§ Exercise:
The listing below must be repeated word for word, without its pictures.

§ Data excerpt:
============================================================
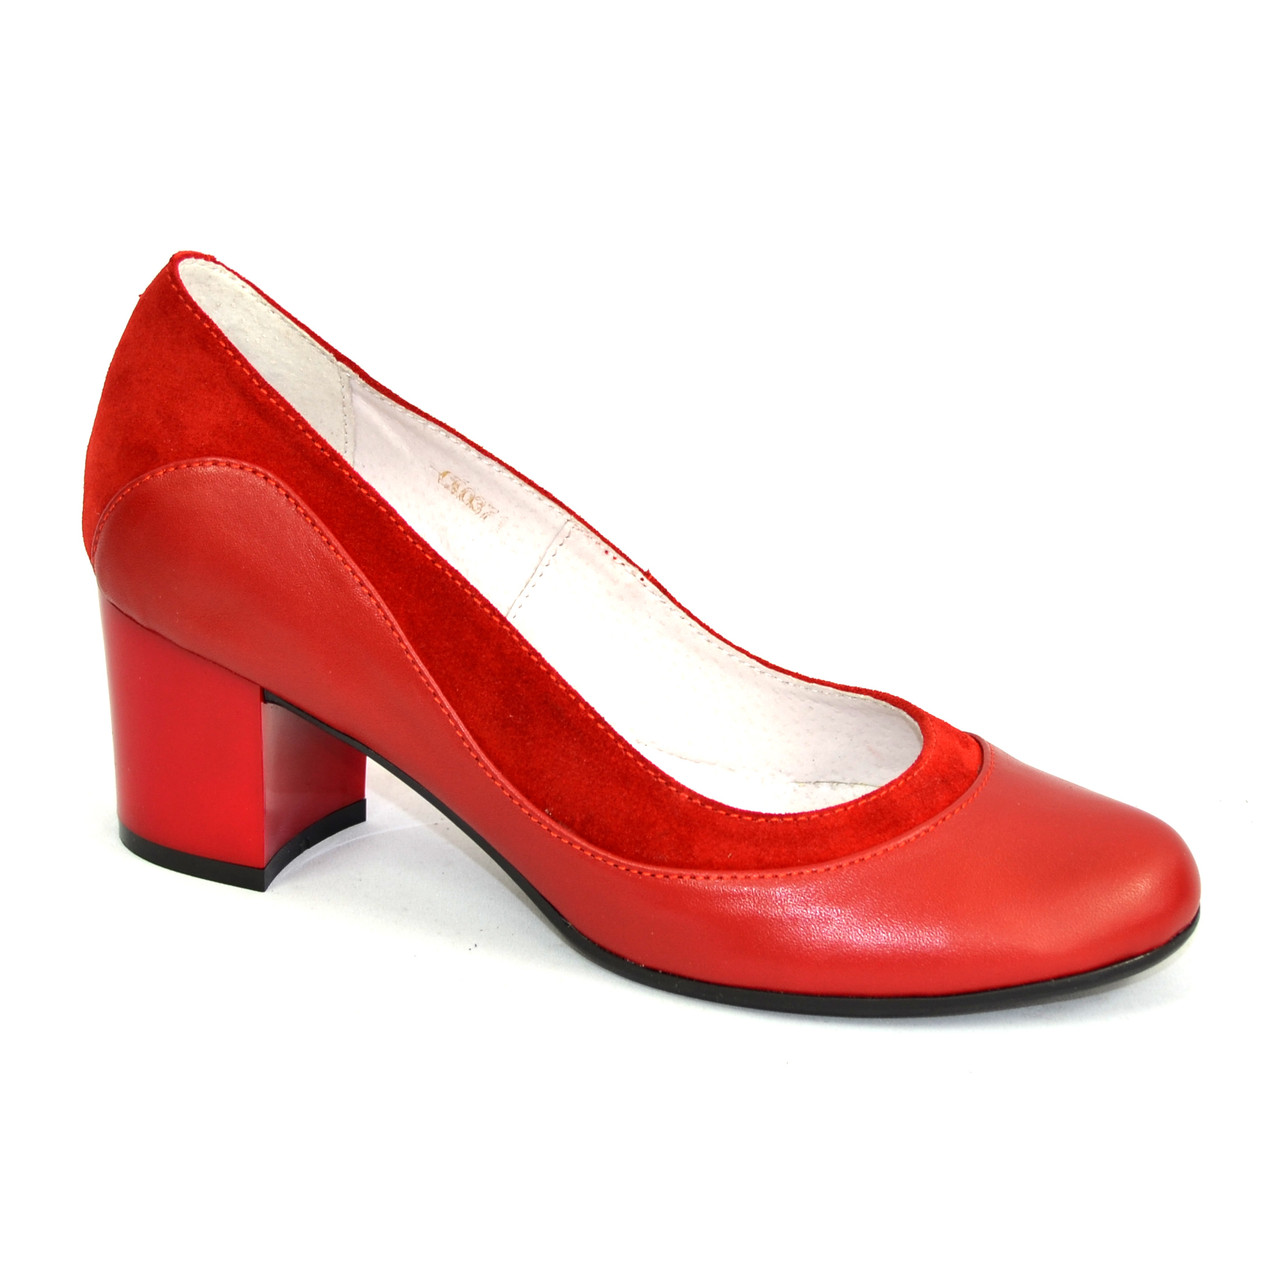 Вайлдберриз женские кож туфли. Туфли женские красные. Красные туфли на невысоком каблуке. Женские туфли на низком каблуке из натуральной кожи красные. Туфли женские на низком каблуке.
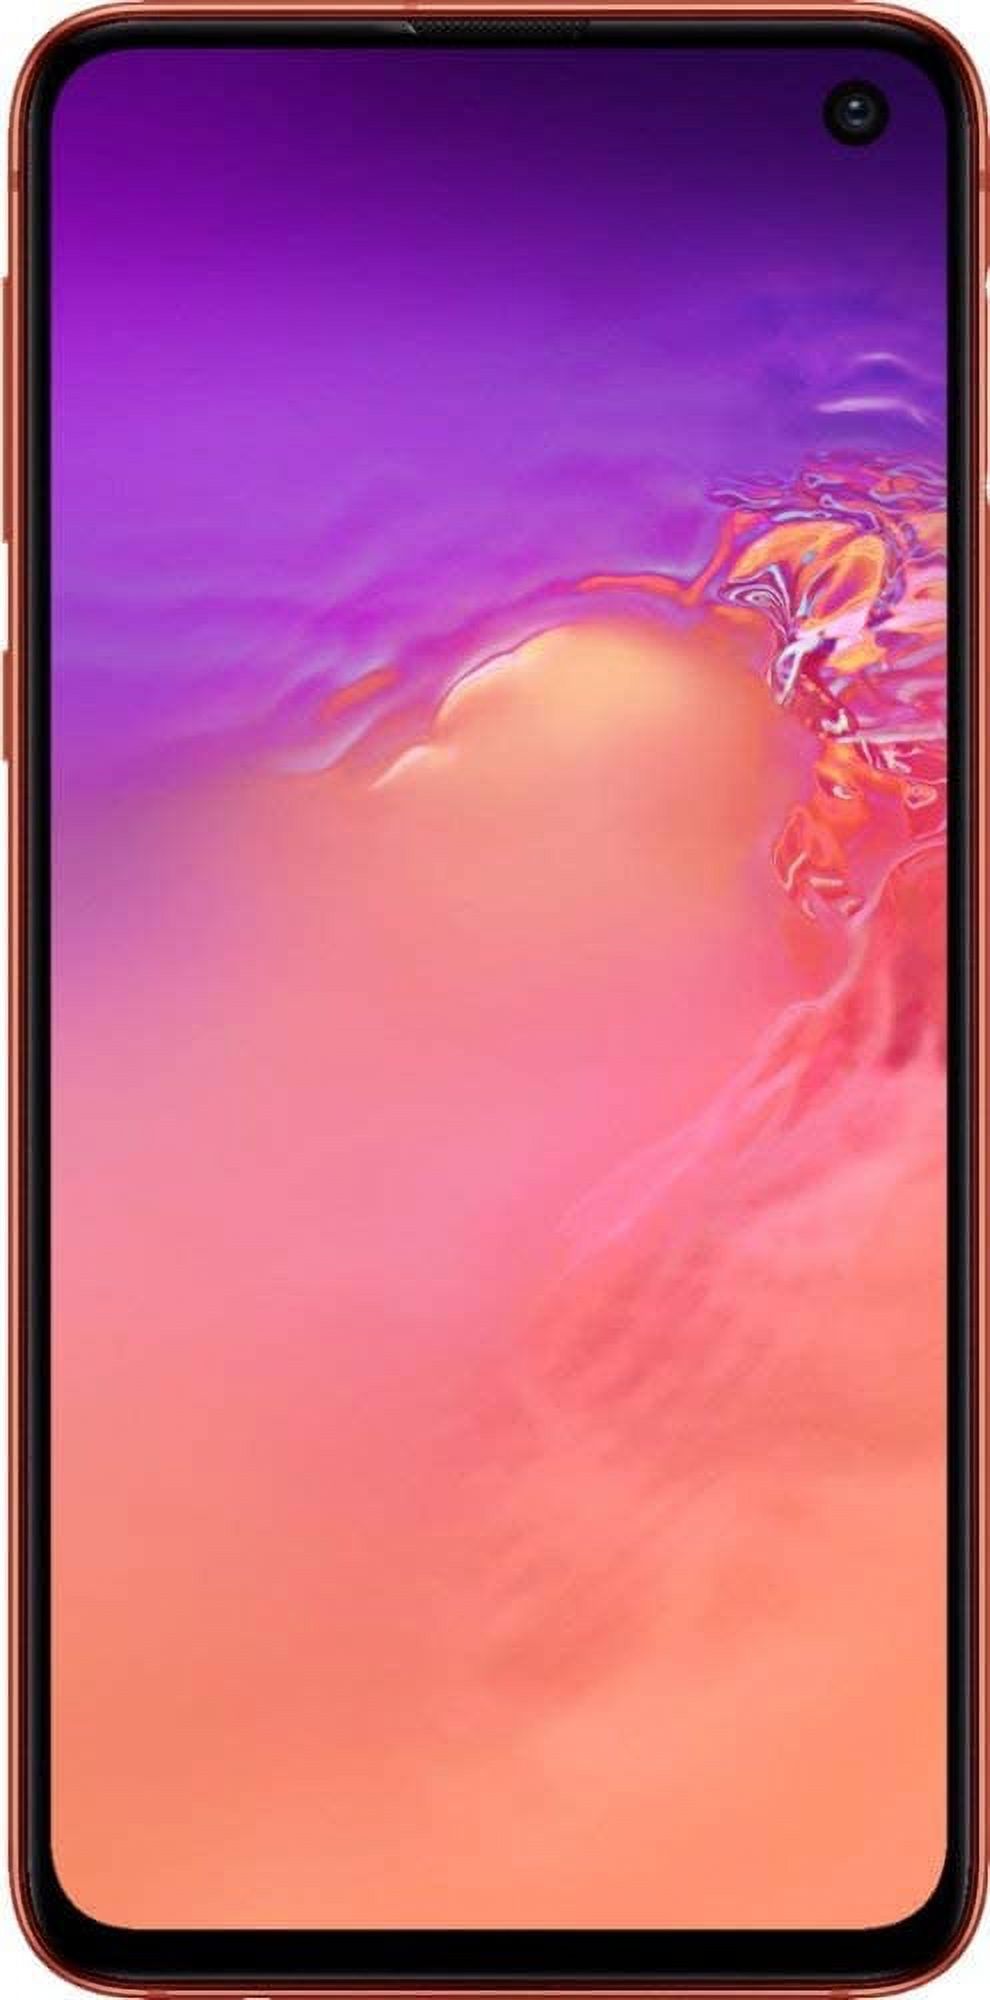 Restored Samsung Galaxy S10e SM-G970U 128GB AT&T Unlocked Smartphone - Flamingo Pink (Refurbished) - image 2 of 5
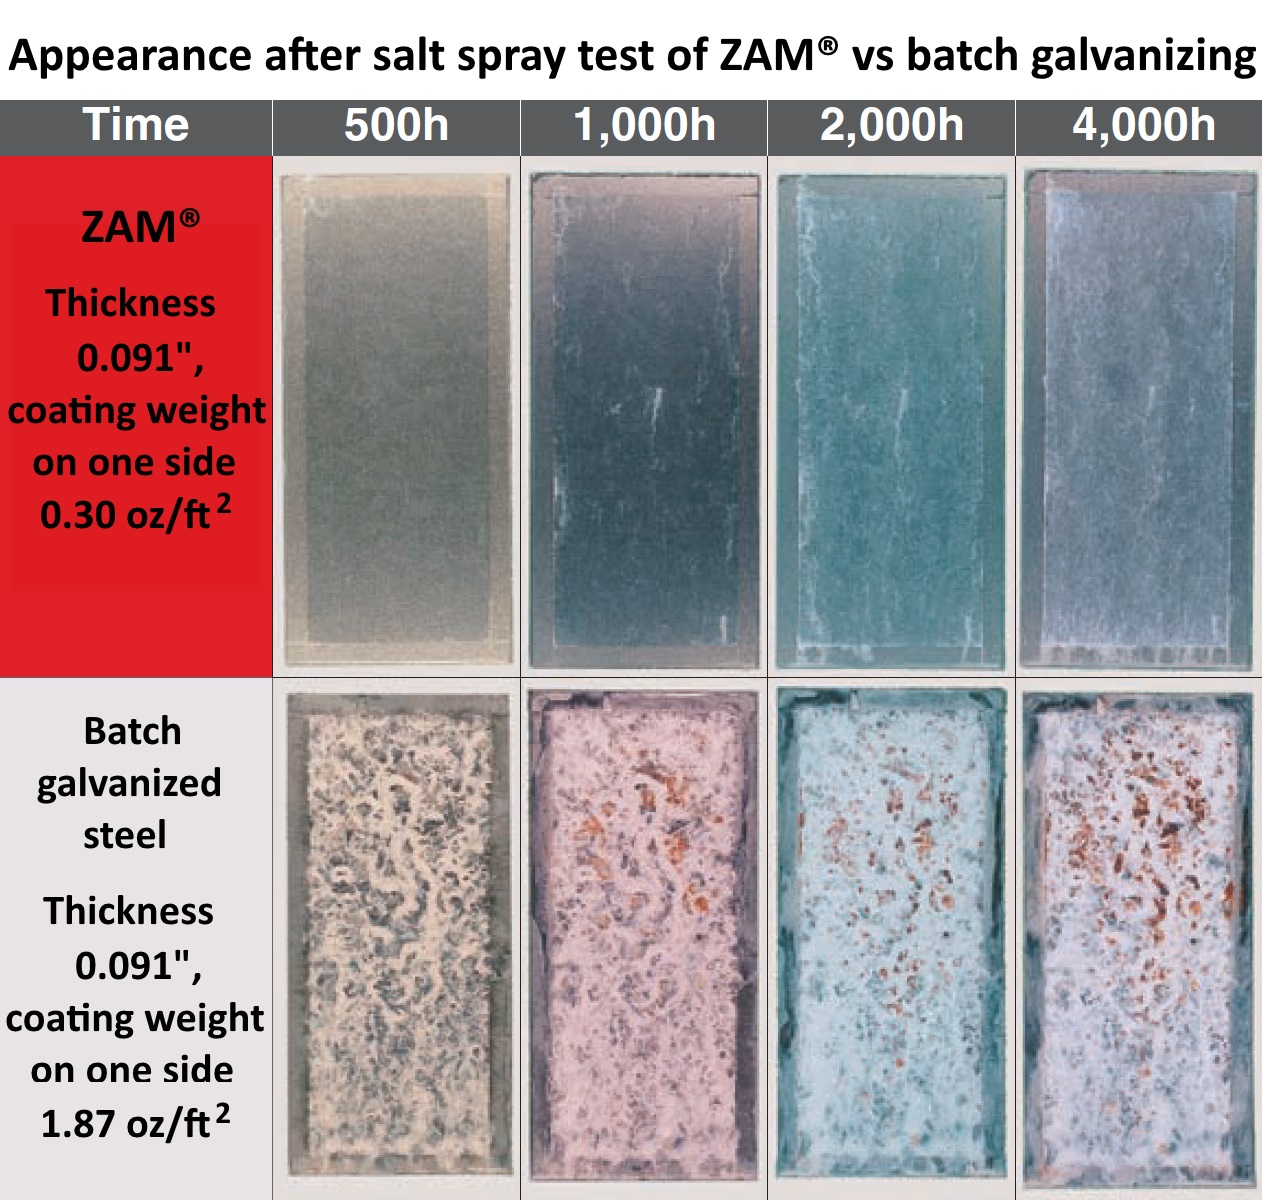 Comparison photos showing superior corrosion of ZAM® vs batch galvanizing after salt spray test
============================================================
§ Response area:
 Вайлдберриз женские кож туфли. Туфли женские красные. Красные туфли на невысоком каблуке. Женские туфли на низком каблуке из натуральной кожи красные. Туфли женские на низком каблуке.
 Restored Samsung Galaxy S10e SM-G970U 128GB AT&T Unlocked Smartphone - Flamingo Pink (Refurbished) - image 2 of 5
 Comparison photos showing superior corrosion of ZAM® vs batch galvanizing after salt spray test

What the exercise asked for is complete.